▸ Aim of the task
Print the lines that run from the line with "Son first birthday" to the line with "New Yorker Magazine", keeping both end lines, exactly as they appear in the entries below, and nothing else.

▸ Record excerpts
%%

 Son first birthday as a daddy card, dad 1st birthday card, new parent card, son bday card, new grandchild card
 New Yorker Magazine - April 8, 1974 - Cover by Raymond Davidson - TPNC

%%
%%

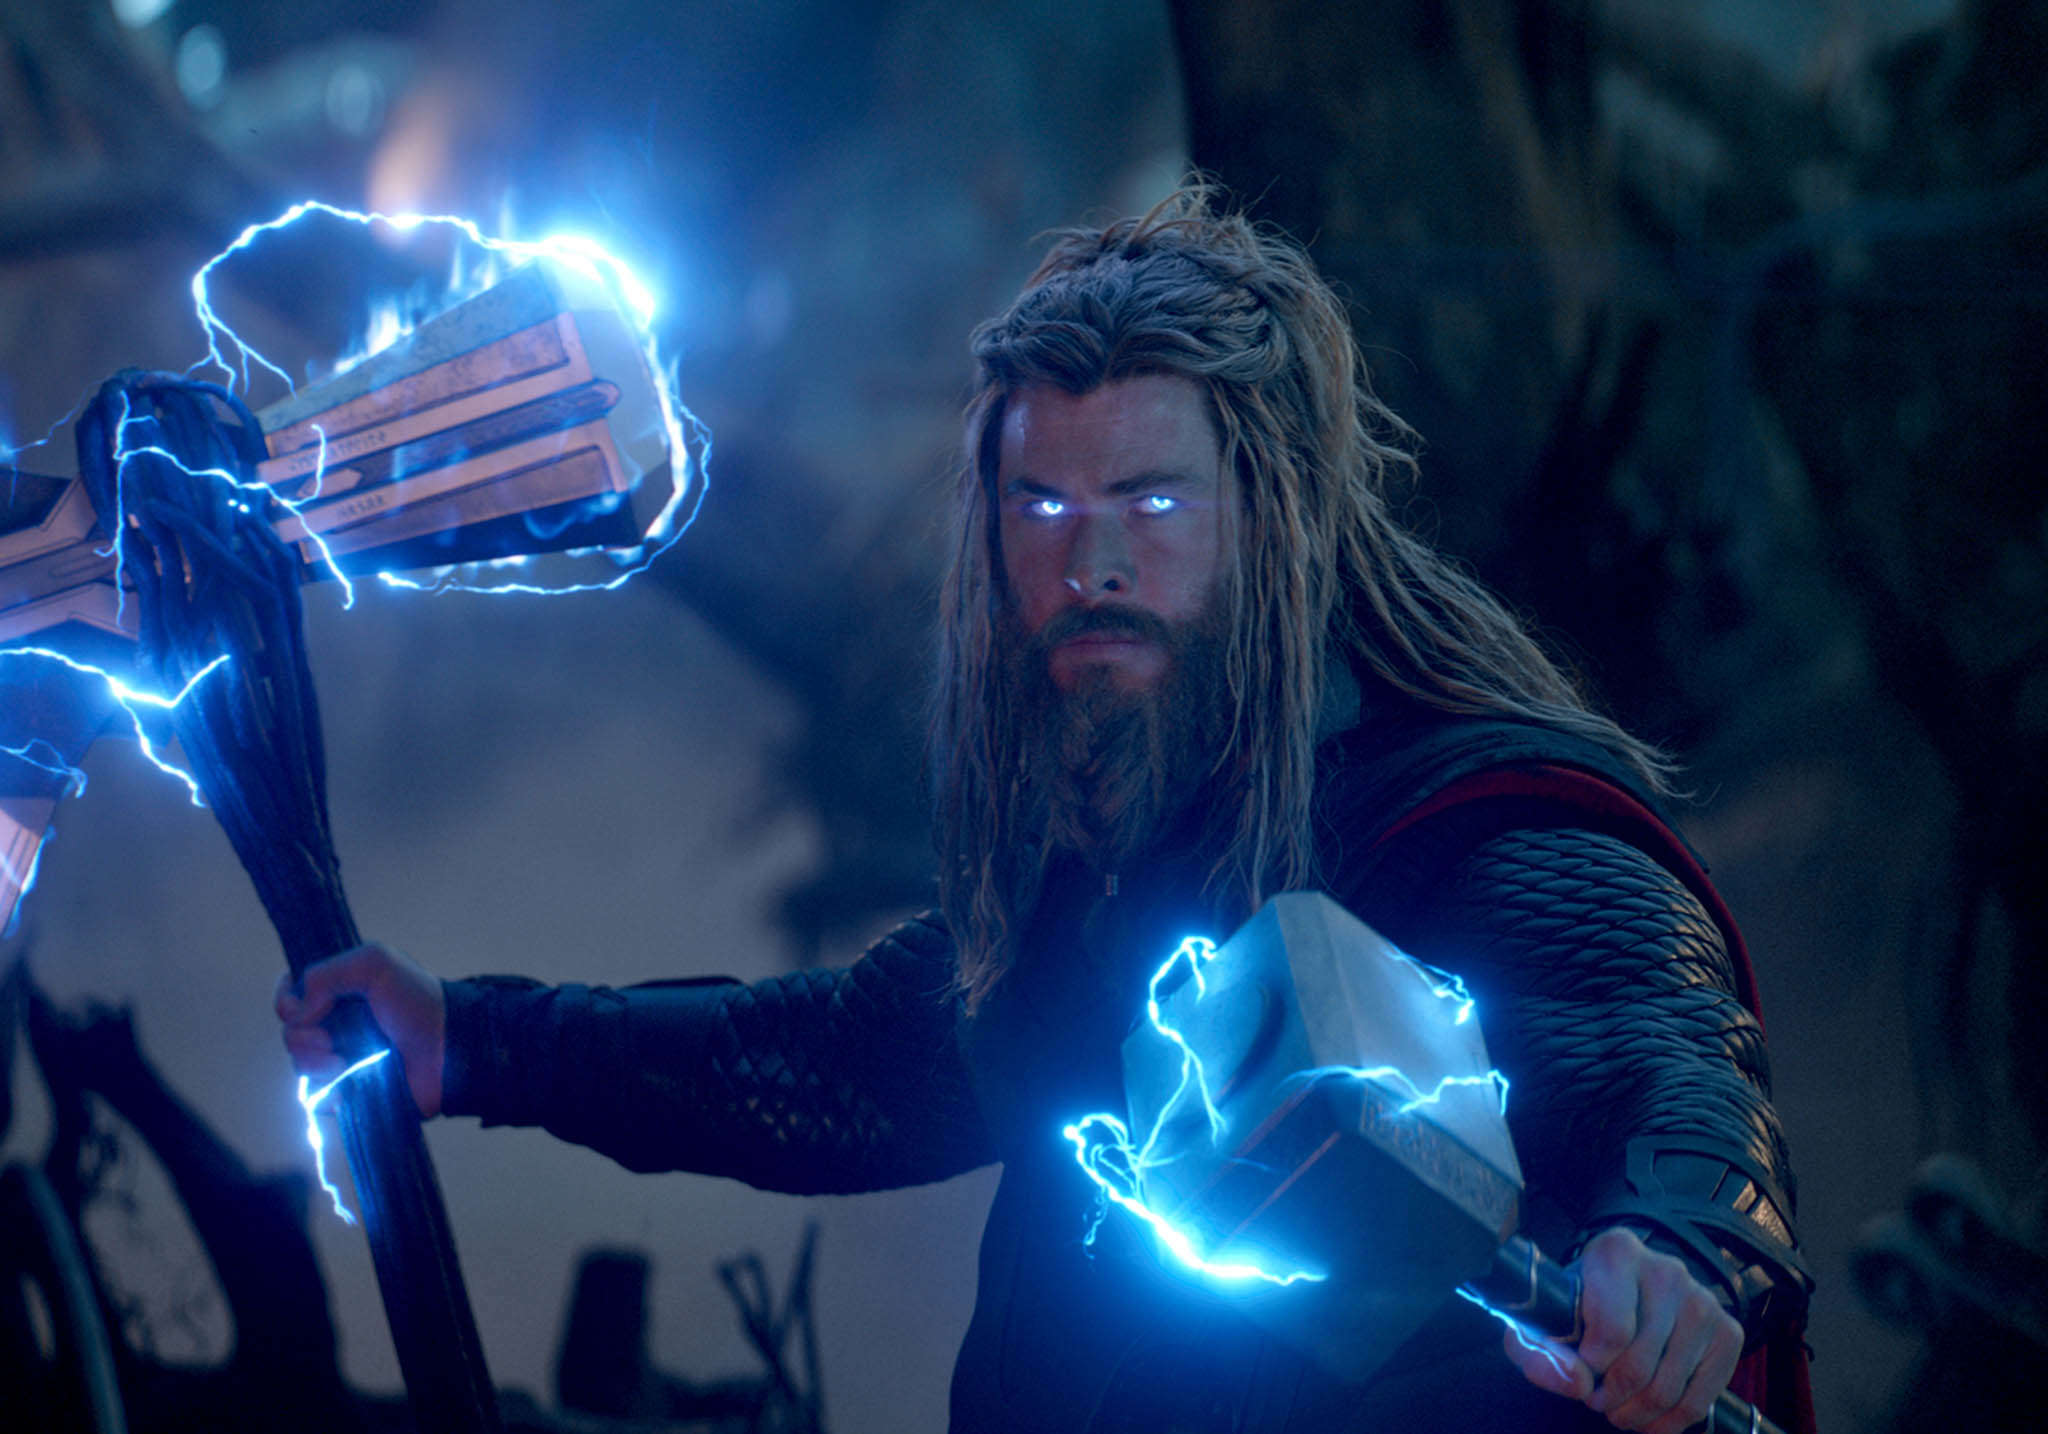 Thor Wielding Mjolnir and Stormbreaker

%%

▸ Solution for this task
 Son first birthday as a daddy card, dad 1st birthday card, new parent card, son bday card, new grandchild card
 New Yorker Magazine - April 8, 1974 - Cover by Raymond Davidson - TPNC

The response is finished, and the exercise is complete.